30.09.2015(ś) ZA ZAKOCHANYCH W BOGU

Szczegóły
Autor: APeeL
Opublikowano: 30 wrzesień 2015
Odsłon: 1044

     Po wejściu do Domu Pana dotknąłem figury Pana Jezusa, którą przed laty uratowałem przed panoszącymi się kornikami (specjalny płyn) i pomalowałem jak umiałem. Takie figury powinno się chronić, bo przez fakt długotrwałego uwielbienia promieniują  Miłością Bożą...tak jak stare kościoły w których przez wieki była odprawiana Msza św.

   W niektóre dni, a tak jest właśnie dzisiaj po prośbie do Ducha Świętego...jeszcze przed nabożeństwem moje serce było uniesione duchowe i nie miałem żadnych rozproszeń. „Pan z wami”...to tylko dwa słowa, które mówią wszystko, a gest kapłana obejmujący nas od Boga wywołał wstrząs w duszy, bo odczułem w jego osobie Obecność Zbawiciela.

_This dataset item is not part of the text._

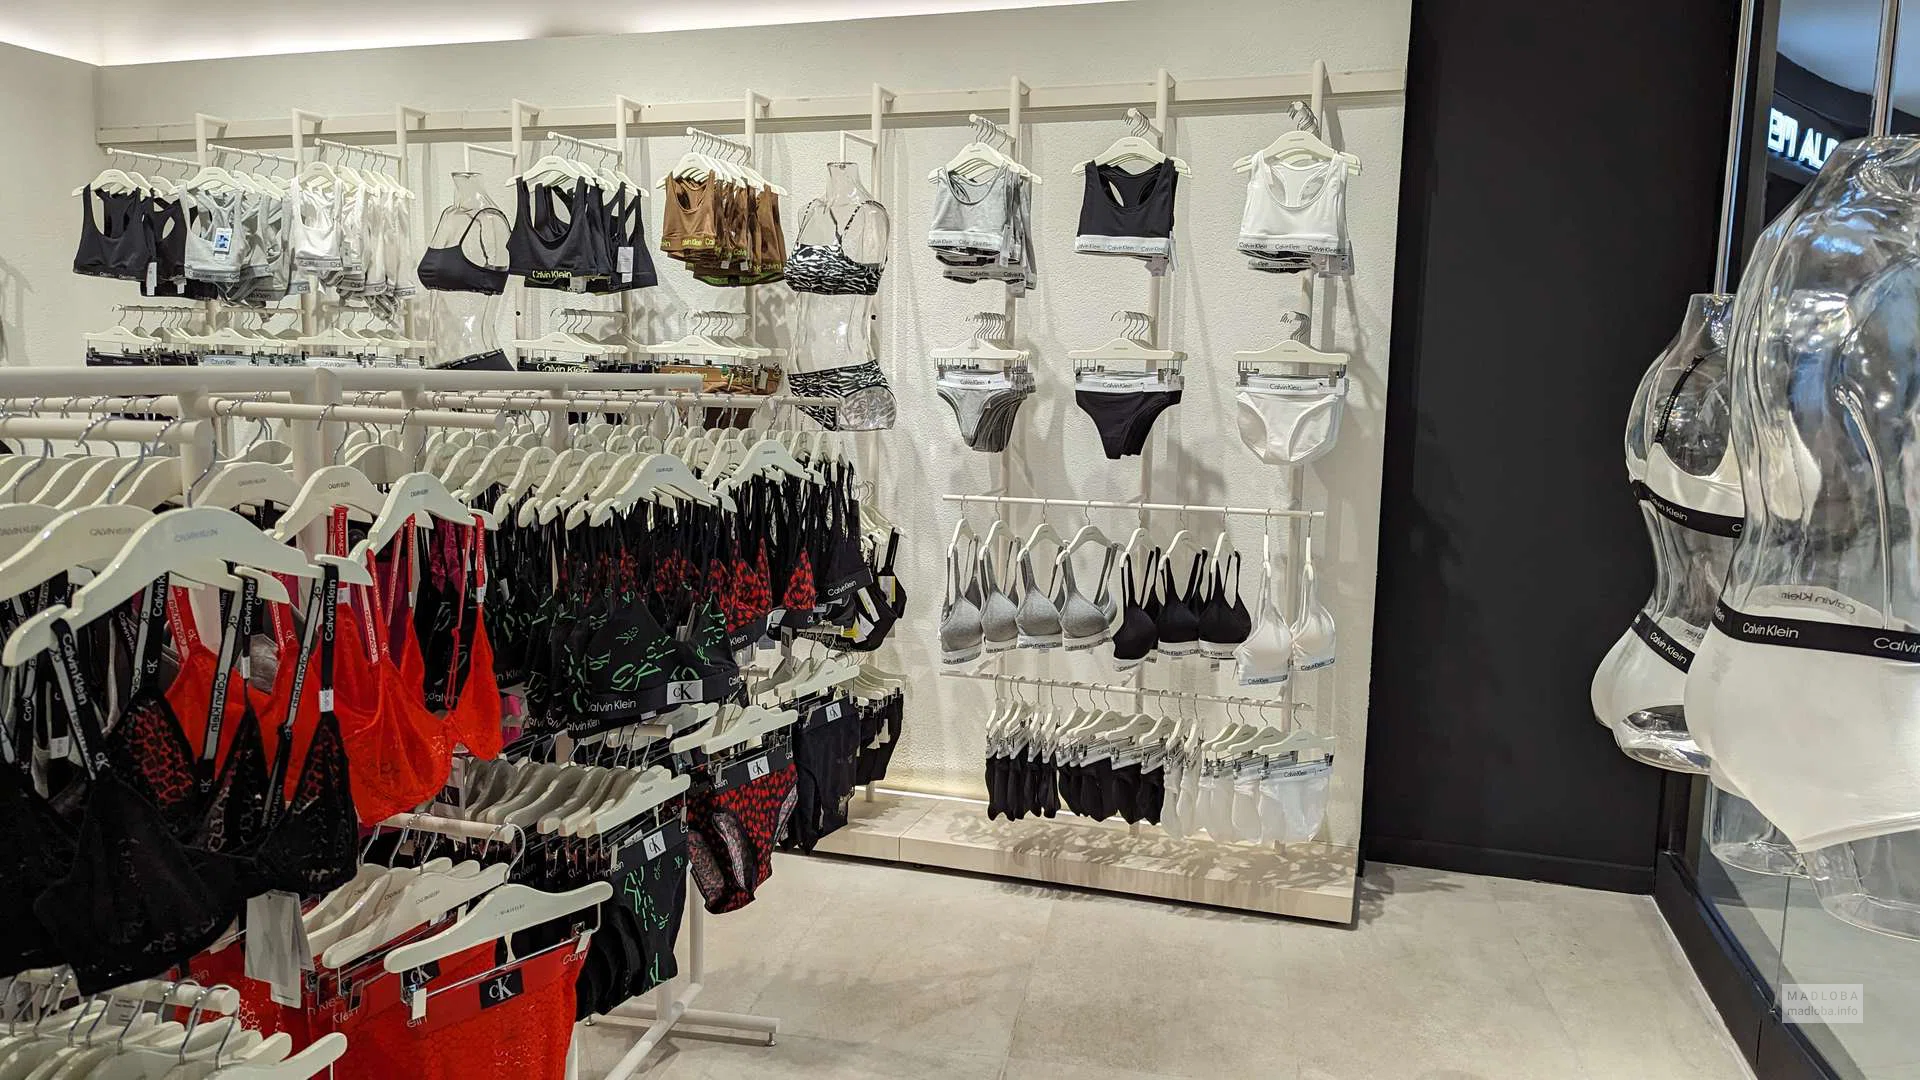 Underwear store Calvin Klein Underwear in the shopping center Grand  Mall in Batumi
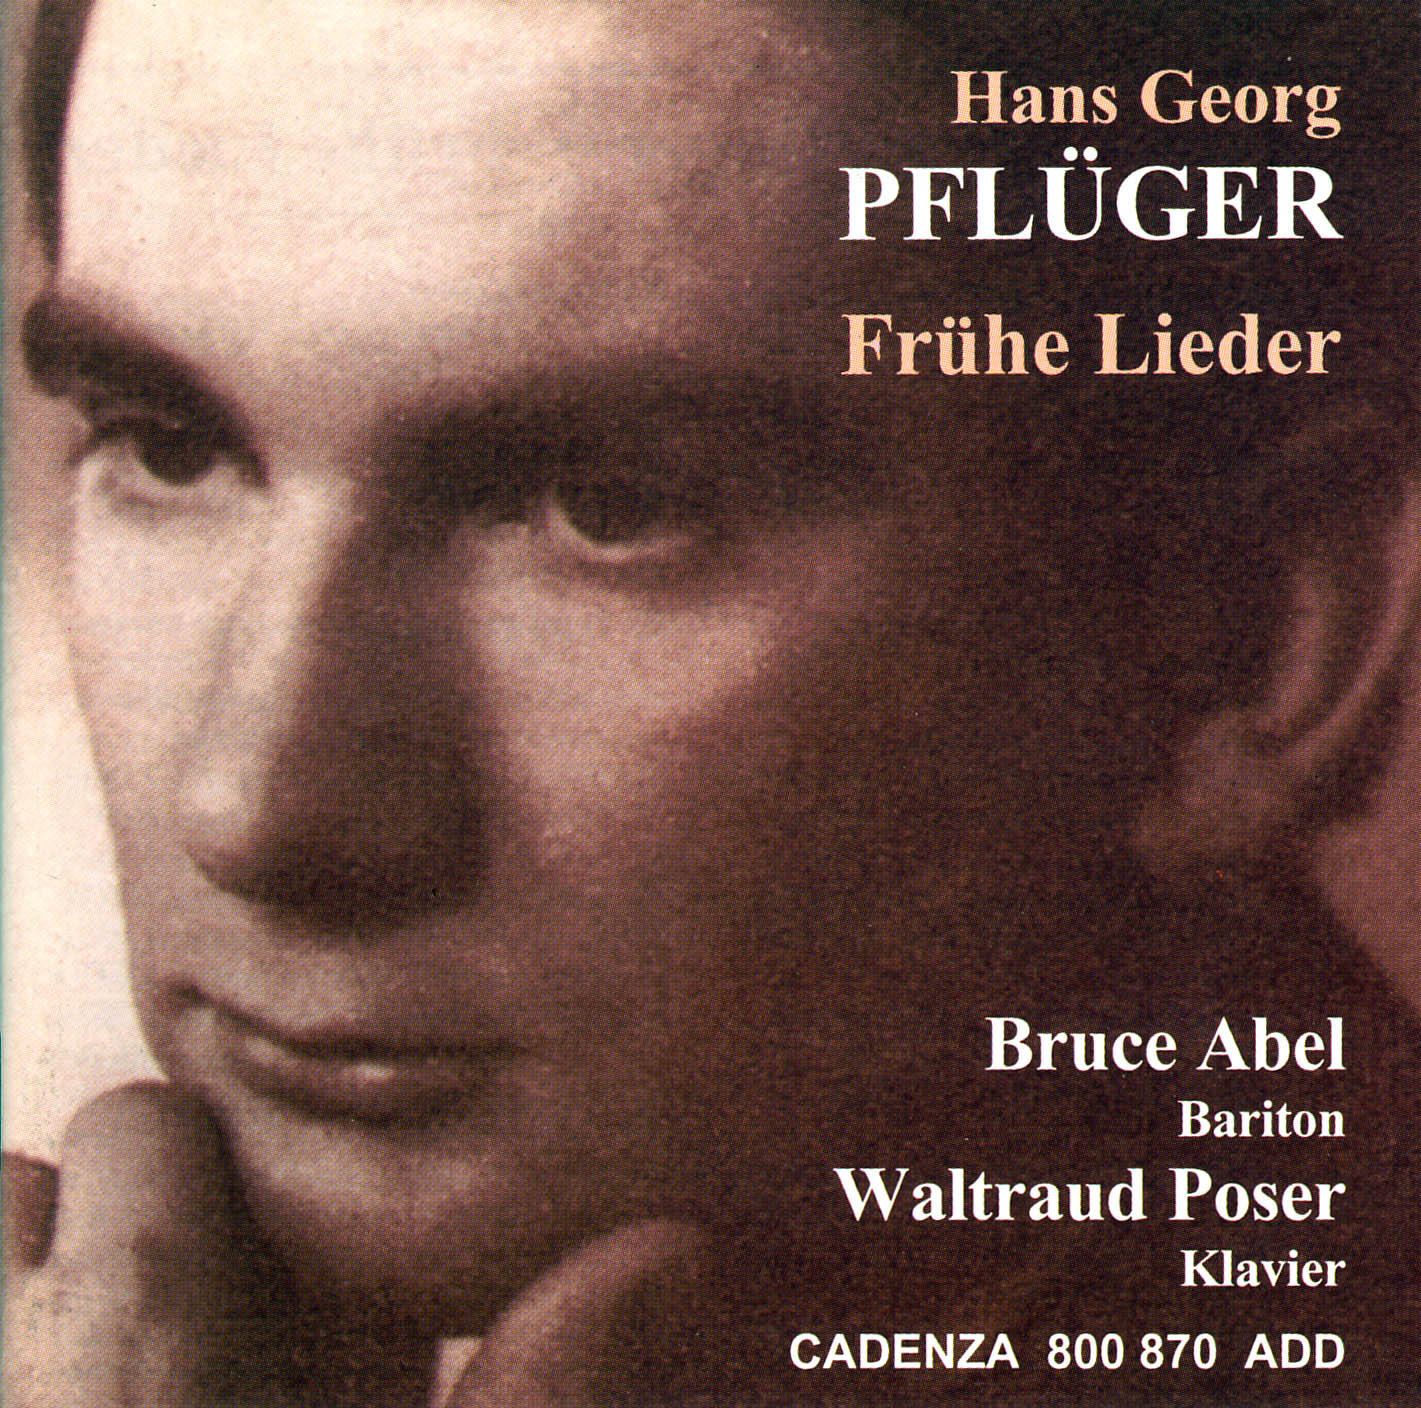 Hans Georg Pflüger - Frühe Lieder

    To sekundowe błyski w duszy, które trudno wyrazić naszym językiem, a zarazem Tajemnica Bożej łaski...jako wynik mojej miłości do Boga z pragnieniem codziennego odwiedzania naszego Prawdziwego Ojca.

   Przecież jest to pokazane na codziennym kontaktowaniu się osób zakochanych lub odwiedzaniu rodziców. Nikogo to nie dziwi, a nawet nikt za to nie chwali, bo to rzecz naturalna. Pomnóż to pragnienie kilka razy lub do potęgi entej, a zrozumiesz zakochanych w Bogu. Ta miłość jest podobna do pierwszej miłości, ale to Miłość Ostatnia!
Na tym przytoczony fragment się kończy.